Implementation:NVIDIA TransformerEngine JAX LayerNorm
| Field | Value |
|---|---|
| Sources | TransformerEngine |
| Domains | Deep_Learning, JAX, Normalization |
| Last Updated | 2026-02-07 14:00 GMT |
Overview
Provides a standalone differentiable layer normalization function supporting both LayerNorm and RMSNorm with optional FP8 quantization output.
Description
canonicalize_norm_type normalizes string inputs to "layernorm" or "rmsnorm". The public layernorm() delegates to _layernorm which uses jax.custom_vjp for custom differentiation. The forward rule calls tex.normalization_fwd (C++ extension) with optional quantizer, then dequantizes the output. The backward rule calls tex.normalization_bwd to compute gradients for input, gamma, and beta. The quantizer is passed through as a differentiable argument for delayed scaling state management.

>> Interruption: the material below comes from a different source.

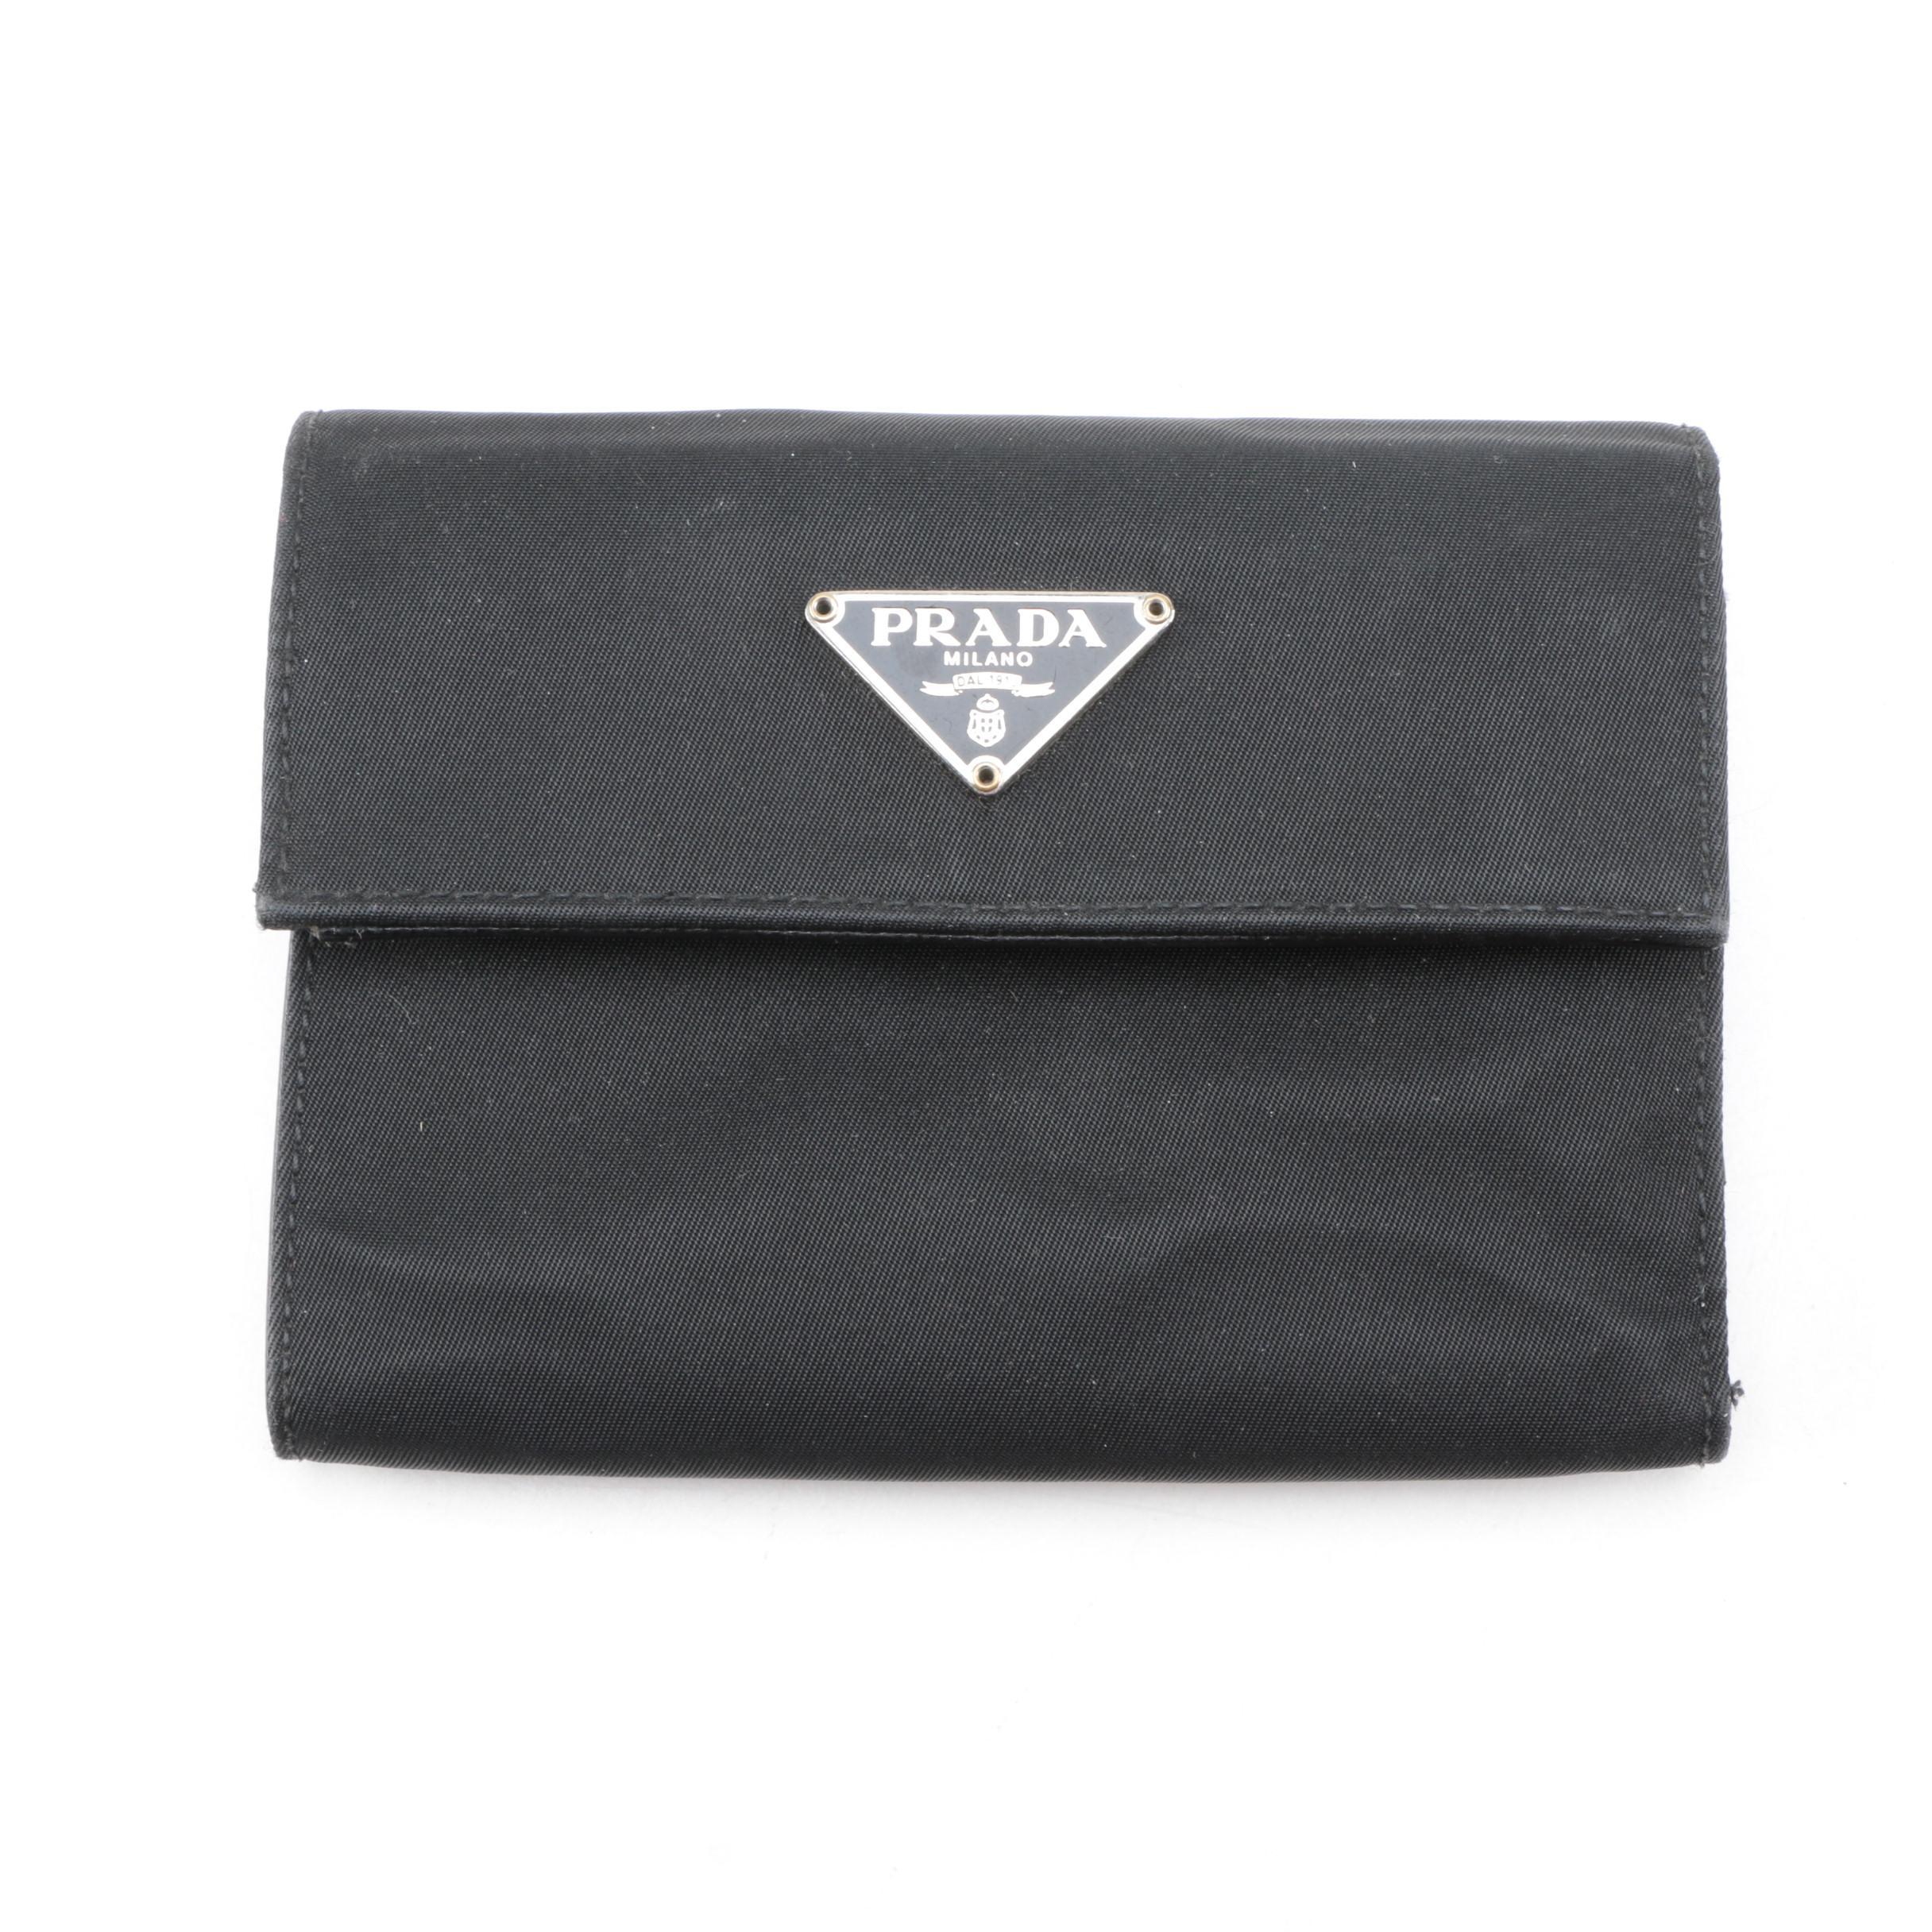 2085f1ea2619 uk prada nylon belt bag de96c 21ee9; low price prada black nylon wallet  9b996 514c9
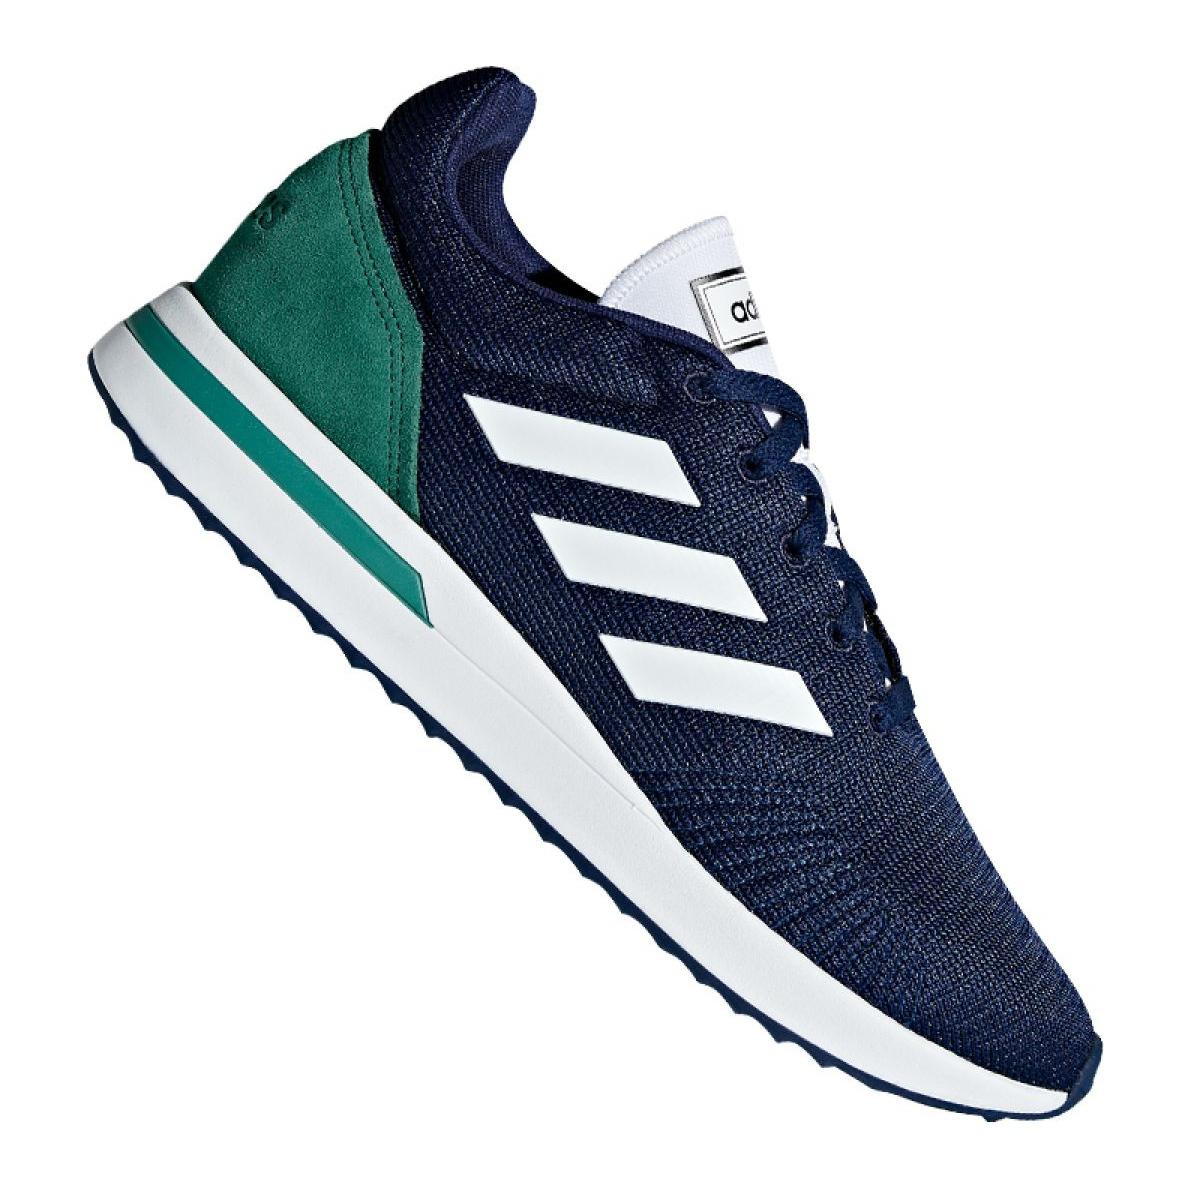 Adidas Run 70S M CG6140 shoes navy

This is a fundamental normalization building block used by layernorm_dense and layernorm_mlp for standalone normalization, and by the Flax LayerNorm module for direct use.
Usage
Use this function for standalone layer normalization in JAX. It supports both LayerNorm and RMSNorm and integrates with FP8 quantization for training with low-precision formats.
Code Reference
Source Location
- Repository
NVIDIA/TransformerEngine- File
transformer_engine/jax/layernorm.py- Lines
- 1--141
Signature
def canonicalize_norm_type(norm_type: str) -> str:
"""Normalize norm type string to 'layernorm' or 'rmsnorm'."""
...
def layernorm(
x: jnp.ndarray,
gamma: jnp.ndarray,
beta: jnp.ndarray,
norm_type: str,
zero_centered_gamma: bool = False,
epsilon: float = 1e-6,
quantizer: Quantizer = None,
) -> jnp.ndarray: ...
Import
from transformer_engine.jax.layernorm import layernorm, canonicalize_norm_type
I/O Contract
Inputs
| Name | Type | Required | Description |
|---|---|---|---|
| x | jnp.ndarray |
Yes | Input tensor to normalize |
| gamma | jnp.ndarray |
Yes | Scale parameter |
| beta | jnp.ndarray |
Yes | Shift parameter (ignored for RMSNorm) |
| norm_type | str |
Yes | Normalization type: "layernorm" or "rmsnorm" |
| zero_centered_gamma | bool |
No | Whether gamma is zero-centered (default False) |
| epsilon | float |
No | Numerical stability constant (default 1e-6) |
| quantizer | Quantizer |
No | Optional FP8 quantizer for fused quantization |
Outputs
| Name | Type | Description |
|---|---|---|
| output | jnp.ndarray |
Normalized tensor (dequantized if quantizer was used) |
Usage Examples
from transformer_engine.jax.layernorm import layernorm
import jax.numpy as jnp
# Apply LayerNorm
output = layernorm(x, gamma, beta, norm_type="layernorm", epsilon=1e-5)
# Apply RMSNorm
output = layernorm(x, gamma, beta, norm_type="rmsnorm", epsilon=1e-5)
# LayerNorm with FP8 quantization
output = layernorm(x, gamma, beta, norm_type="layernorm",
quantizer=fp8_quantizer)